Steve Kelsey: Life-cycle analysis - or medieval accounts?
Friday, 28 November 2008
I'll ask you a question. What's the difference between accountancy in 14th-century Italy and 21st-century London? Those of you who thought 'absolutely nothing', well done.
Help yourself to a congratulatory sherry and mince pie, for it's the season for frivolity. Those of you who are now thinking I've finally lost it, or, rather less charitably, that I've started the party season a little early, shame on you and return the pie. The comparison is a good one if you will allow me to stretch an analogy cruelly.
If you were in business in 14th century Italy you had rather a lot on your plate. In Naples alone there were 14 concurrent currencies in operation with their own coins and values, numerically the Roman system was still in use and the means of calculating interest, had the church allowed it, would have been tortuous in the extreme. Instead of interest rates, each lender charged an adjustment – a fee that looked remarkably like an interest rate but was called something different so the lender didn't go to hell.
So how is this comparable to 21st-century accountancy? Well, it all depends what you are comparing it with. If you are talking about money, there is no comparison at all .The idea is very silly.

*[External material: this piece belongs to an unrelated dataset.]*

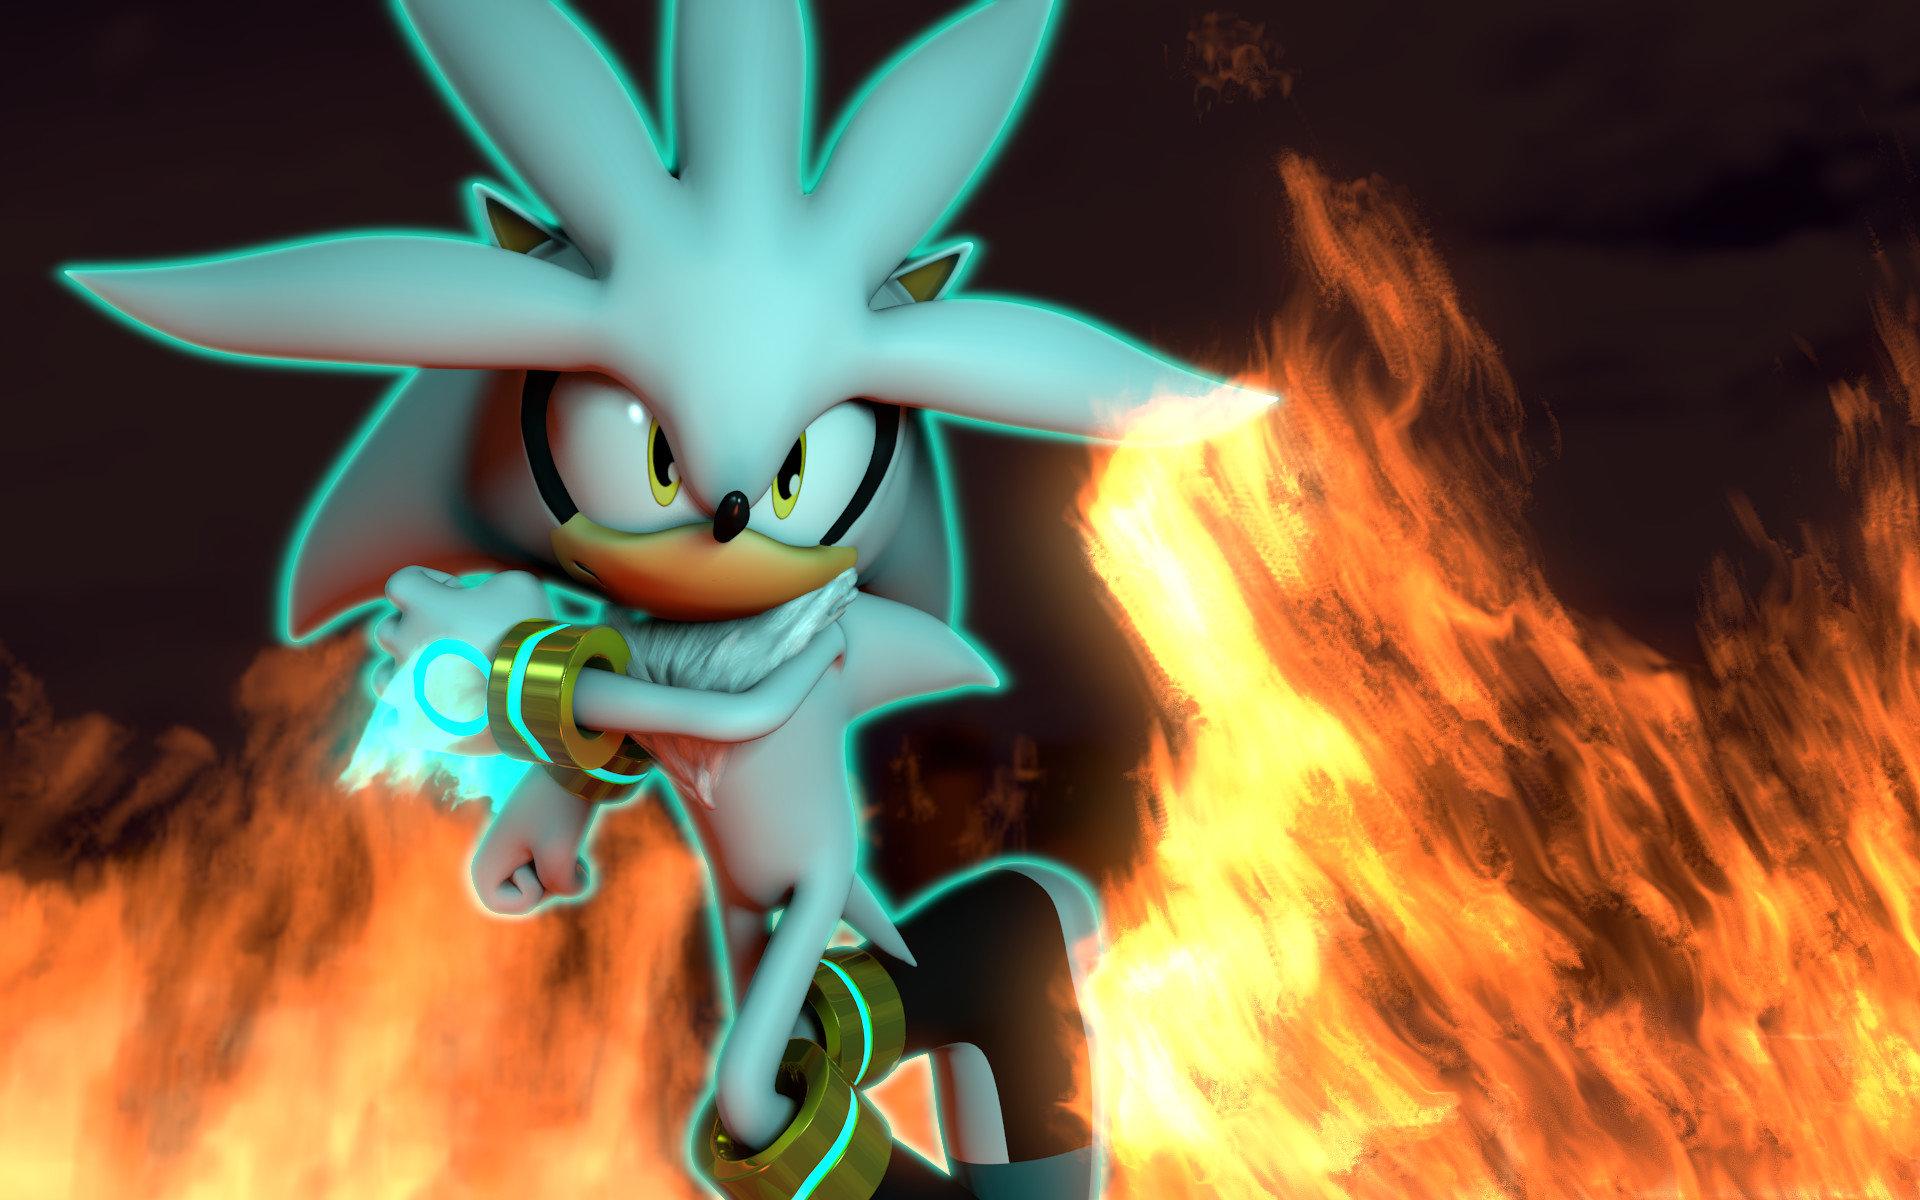 Silver the Hedgehog Wallpapers - Top Free Silver the Hedgehog

However, if you look at what businesses have to contend with today in calculating their products' sustainability the Medici family had it easy. Fourteen different life-cycle assessment (LCA) methods would be wonderful. A calculation method as efficient as working out a tithe of XVII times MXVII would be grasped with grateful arms.
Is this just another self-indulgent bout of hyperbole? Well, consider the following: as part of an exercise for a consortium we looked at LCA-based models in the marketplace today. We stopped at 54. Each tool has its own dataset or data source, each has its own calculation methods, lists of criteria, declared scope.
Each tool has variation in method at a detail level which adds another layer of complexity, and, even worse than this, the user is able to change scope and report method to suit the task at hand. Imagine your building society deciding what accountancy method, currency and interest rate and tax regime it felt like using when it calculated your payment each month.
Ultimately, sustainability accounting is just that, accounting, and yet there is no one system of calculation and little compatibility between models. We are entering a period of having to make huge decisions but we can't even calculate where we are.